Looking at the generated text, you'll see the model knows when to capitalize, make paragraphs and imitates a Shakespeare-like writing style.

# Evaluation step (generating text using the learned model)

# Number of characters to generate
num_generate = 1000

# You can change the start string to experiment
start_string = 'Q'

# Converting our start string to numbers (vectorizing) 
input_eval = [char2idx[s] for s in start_string]
input_eval = tf.expand_dims(input_eval, 0)

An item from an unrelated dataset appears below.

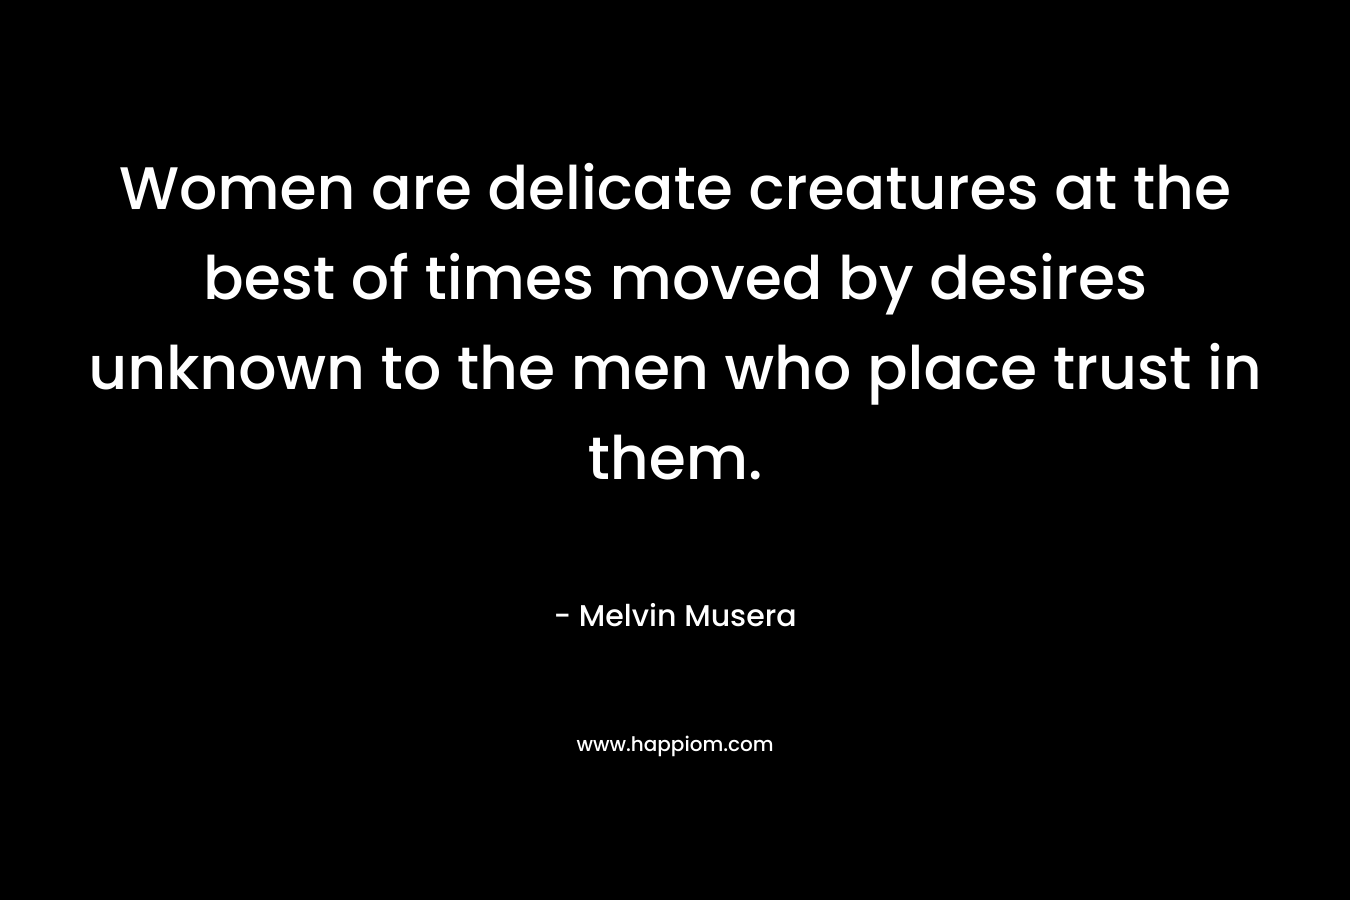 Women are delicate creatures at the best of times moved by desires unknown to the men who place trust in them.

# Empty string to store our results
text_generated = []

# Low temperatures results in more predictable text.
# Higher temperatures results in more surprising text.
# Experiment to find the best setting.
temperature = 1.0

# Here batch size == 1
model.reset_states()
for i in range(num_generate):
    predictions = model(input_eval)
    # remove the batch dimension
    predictions = tf.squeeze(predictions, 0)

    # using a multinomial distribution to predict the word returned by the model
    predictions = predictions / temperature
    predicted_id = tf.multinomial(predictions, num_samples=1)[-1,0].numpy()
    
    # We pass the predicted word as the next input to the model
    # along with the previous hidden state
    input_eval = tf.expand_dims([predicted_id], 0)
    
    text_generated.append(idx2char[predicted_id])

print (start_string + ''.join(text_generated))
QUEEN MARGARET:
Which one rosts and rotten, courtesy,
And satisfy froot madamity of Verona's; n your grace.

LUCIO:
Some servenes of a kinderness of his proce.
This tiggh twelve long ago.

PARIS:
O discharger, and it join'd
With sovereigning Richmond, and am I lend.

ROMEO:
Ay, if I know the better doth he start all talk of her observe,
And prefer you for my mishes, call them back.

HORTENSIO:
Gaunt'st as sweet as a cockle,
Repair to the name unto the world,
And see horrors; seain her your honour!

Clown:
Give me thy hand.
The wit is but a head for 't.

BIONDELLO:
I do love to her hence,
And that's mine own,
That, if the least of Maria?
May of Camillo tackless cater?

PETRUCHIO:
Well, then, I thank you.

ISABELLA:
My best and like a press'd truer brother!'
With six on blood to thee,
And he's dead, here are they despair:
See thee utto rise and pluck'd thee by the
hangman. My entertainment,
In pestoly right:
Thy fortune I have many fear'd of mortals
How sall hope is in duty the poor I'll 

You can also experiment with a different start character, or try adding another RNN layer to improve the model's accuracy, or adjusting the temperature parameter to generate more or less random predictions.